(Data below begins)
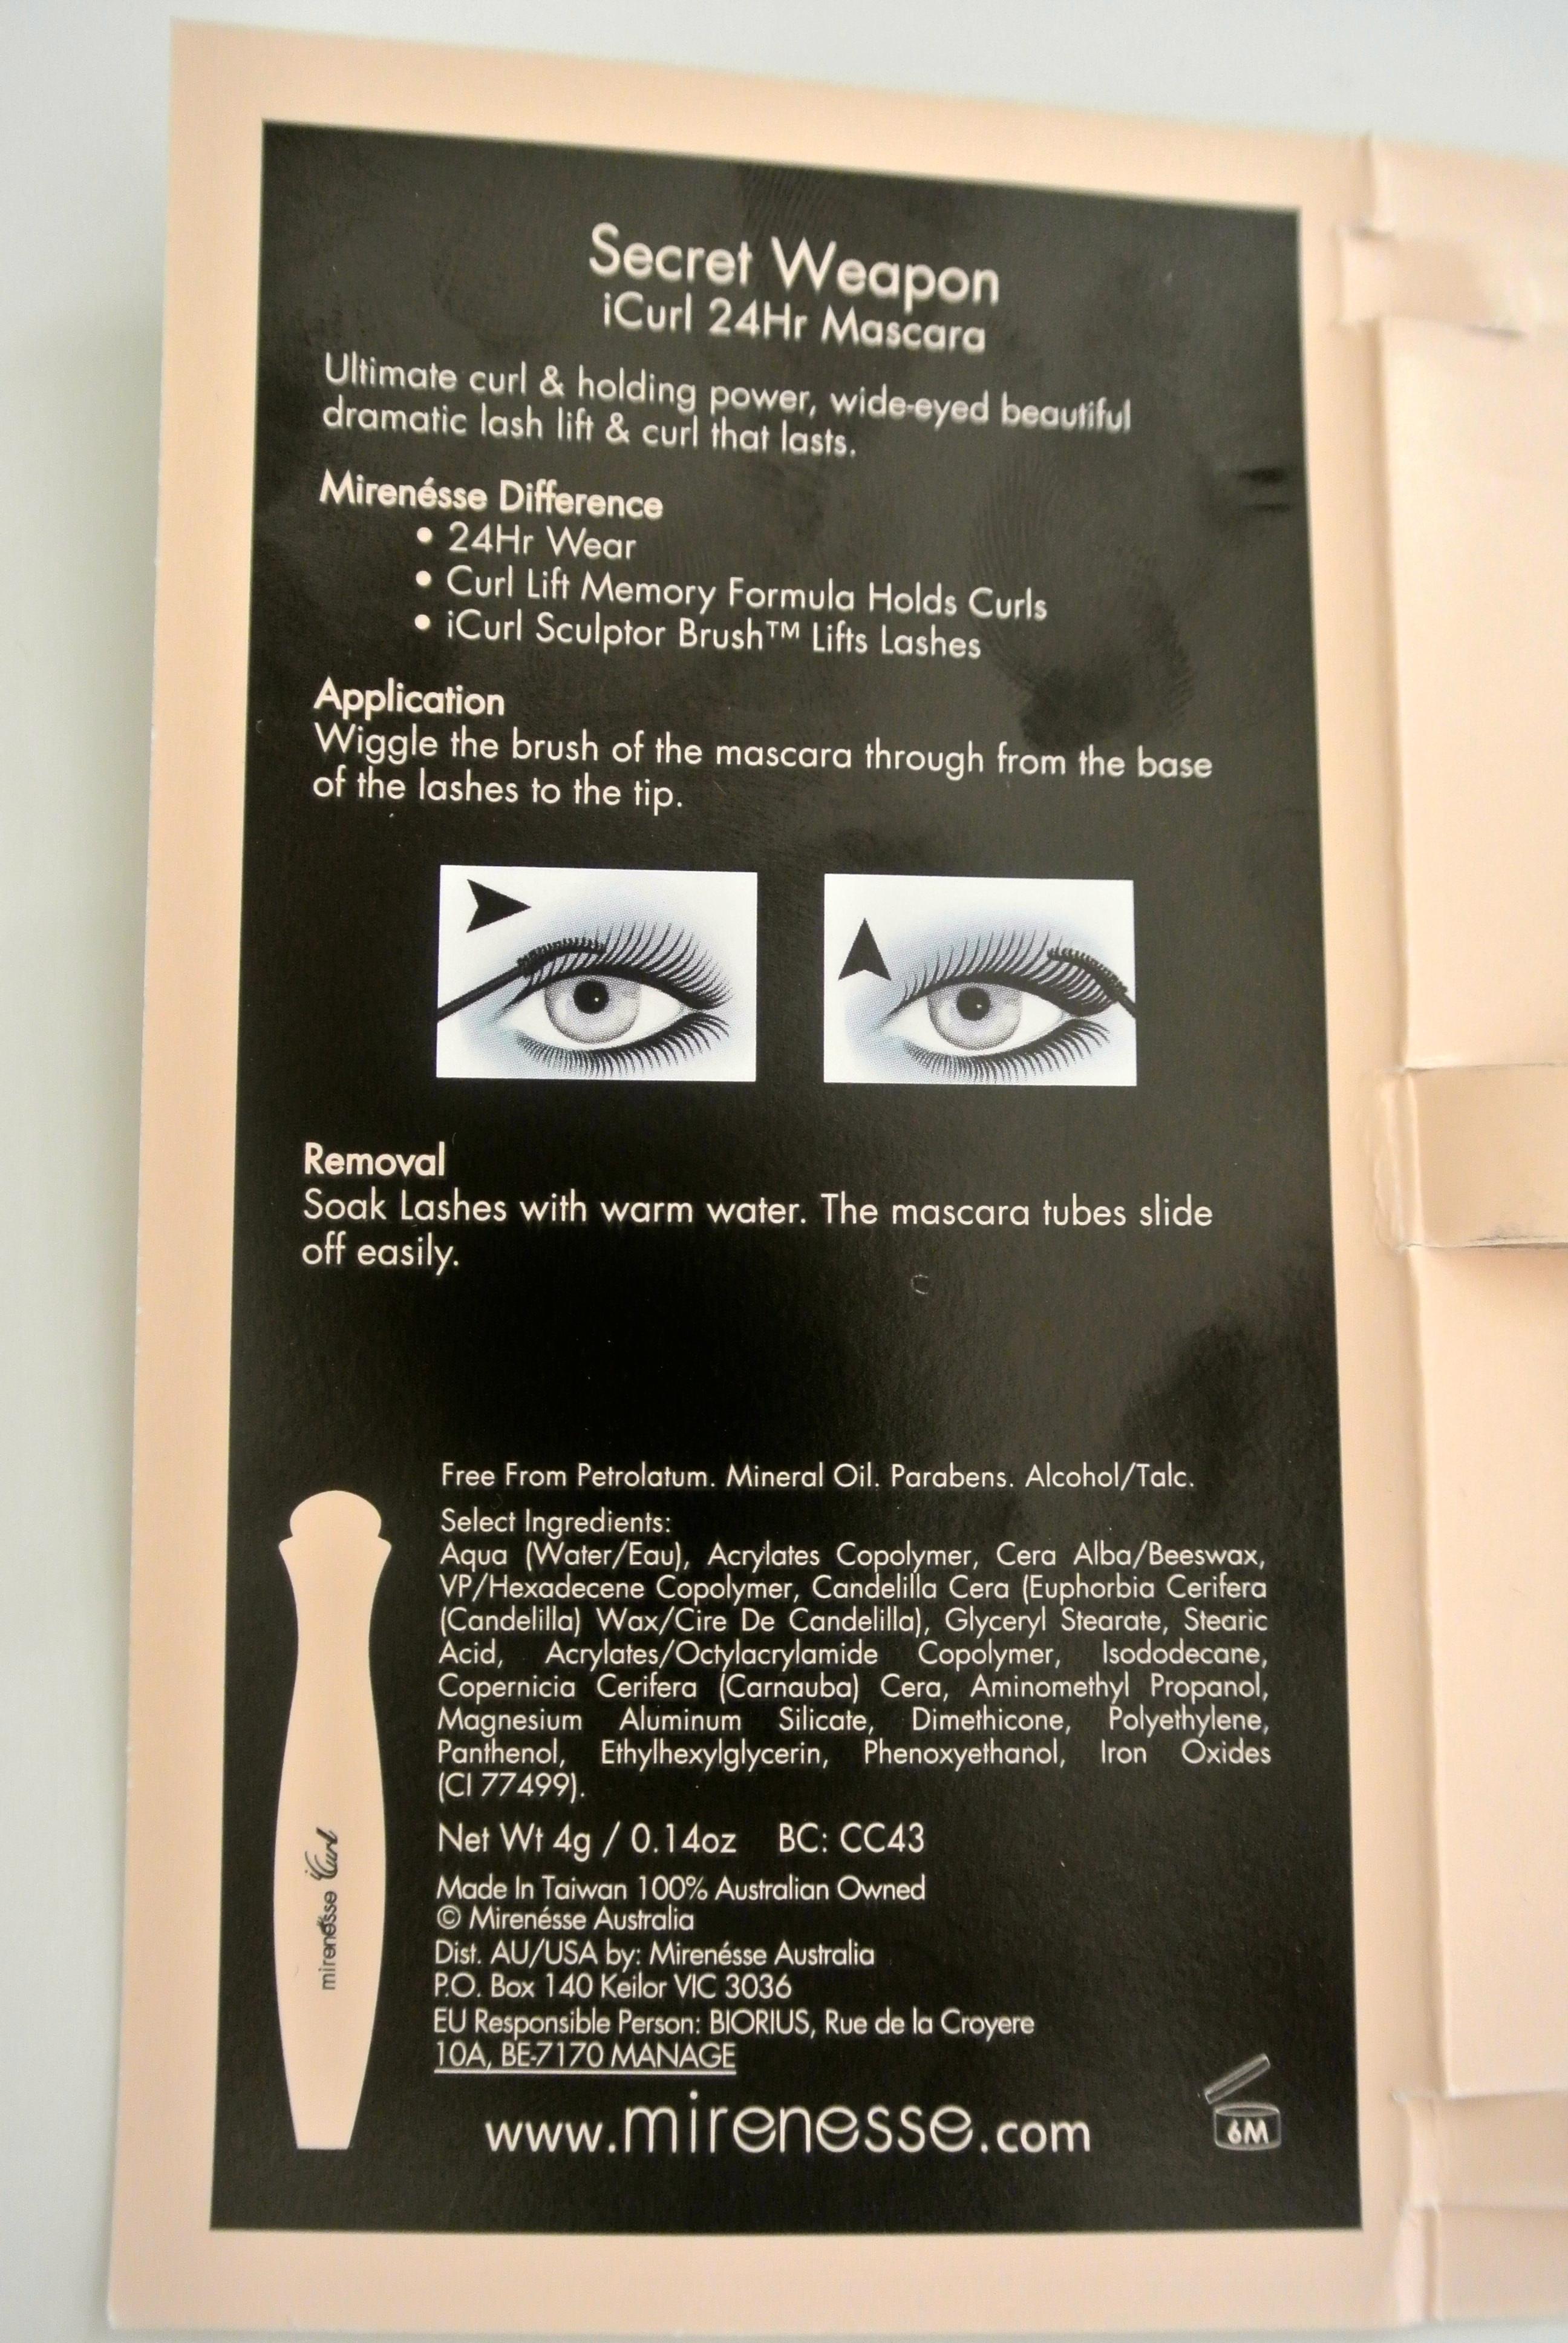 Mirenesse Secret Weapon iCurl 24Hr Mascara Review - AmandaPhenomenon
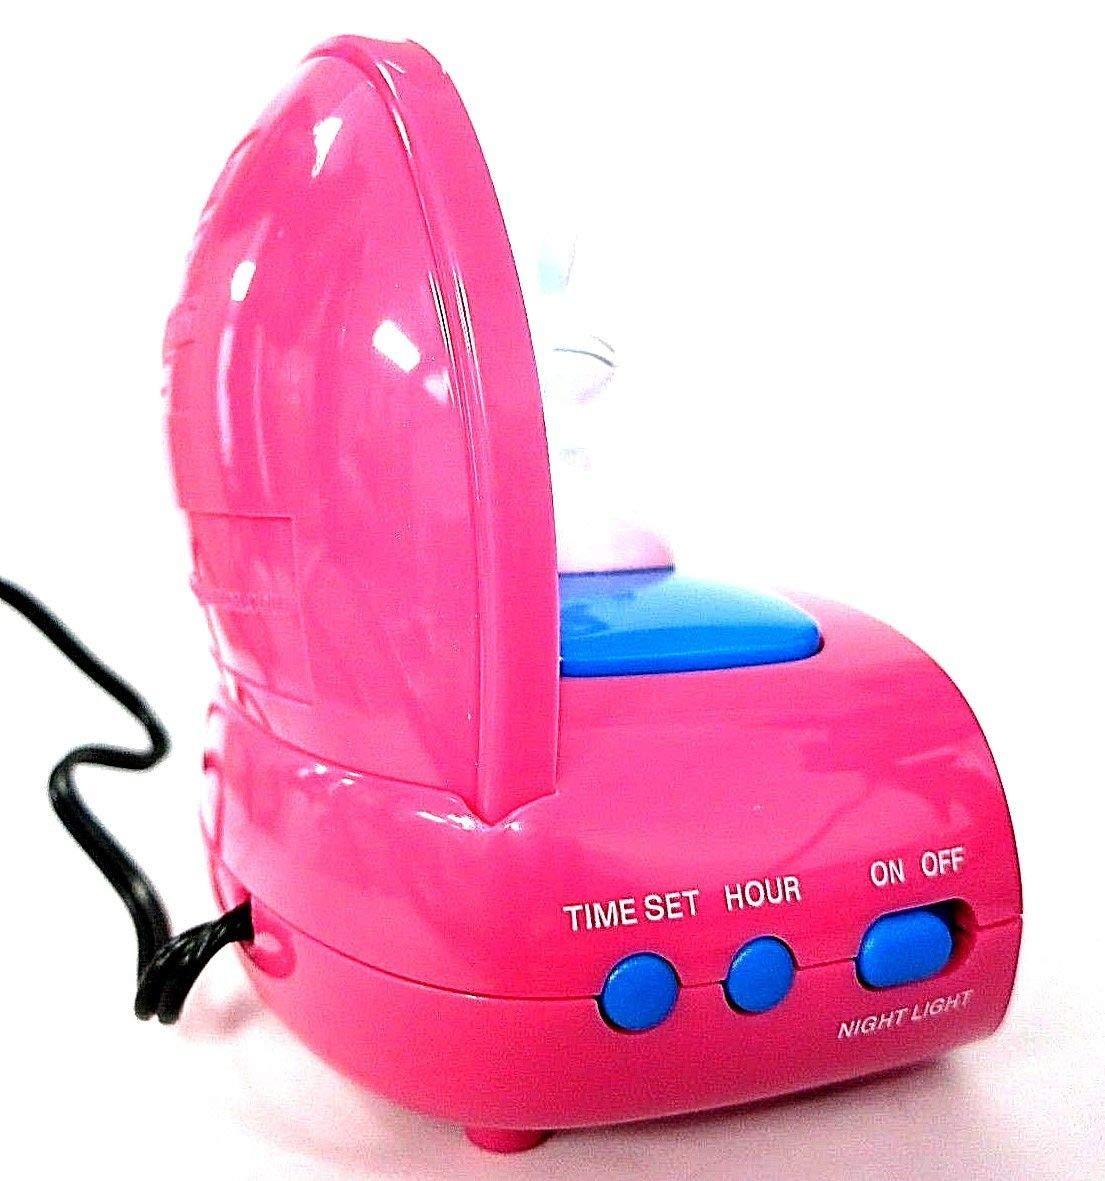 makes rude remarks or comments Its Happy Bunny Scenic Nightlight Alarm Clock Jim Benton
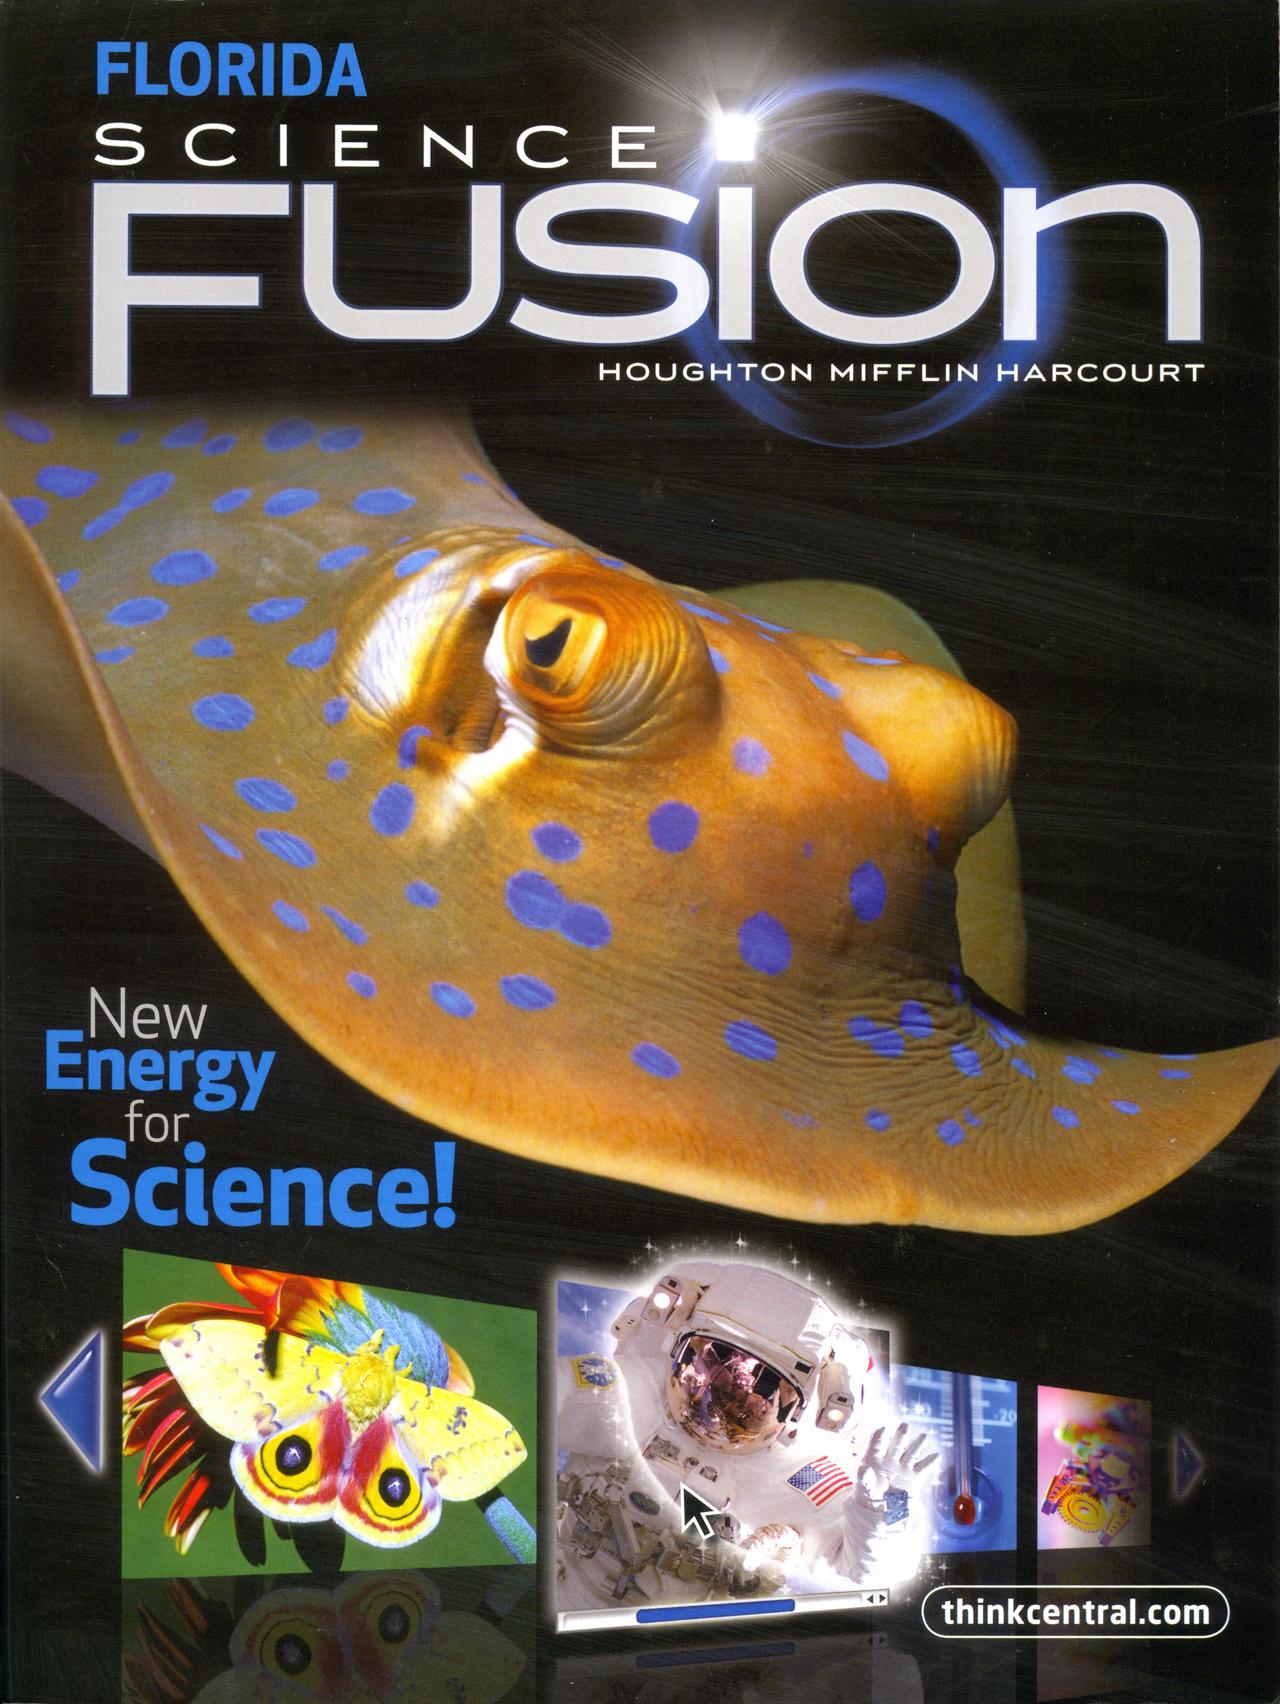 fusion science grade sciencefusion textbooks houghton homeschool florida student worktext interactive harcourt edition mifflin hmh unit elementary energy grades level
(Data below ends)
Description of the task:
Your answer should hold only the lines from the one with "makes rude remarks" through the final line of the listing above, transcribed exactly and without pictures.

Result of this exercise:
 makes rude remarks or comments Its Happy Bunny Scenic Nightlight Alarm Clock Jim Benton
 fusion science grade sciencefusion textbooks houghton homeschool florida student worktext interactive harcourt edition mifflin hmh unit elementary energy grades level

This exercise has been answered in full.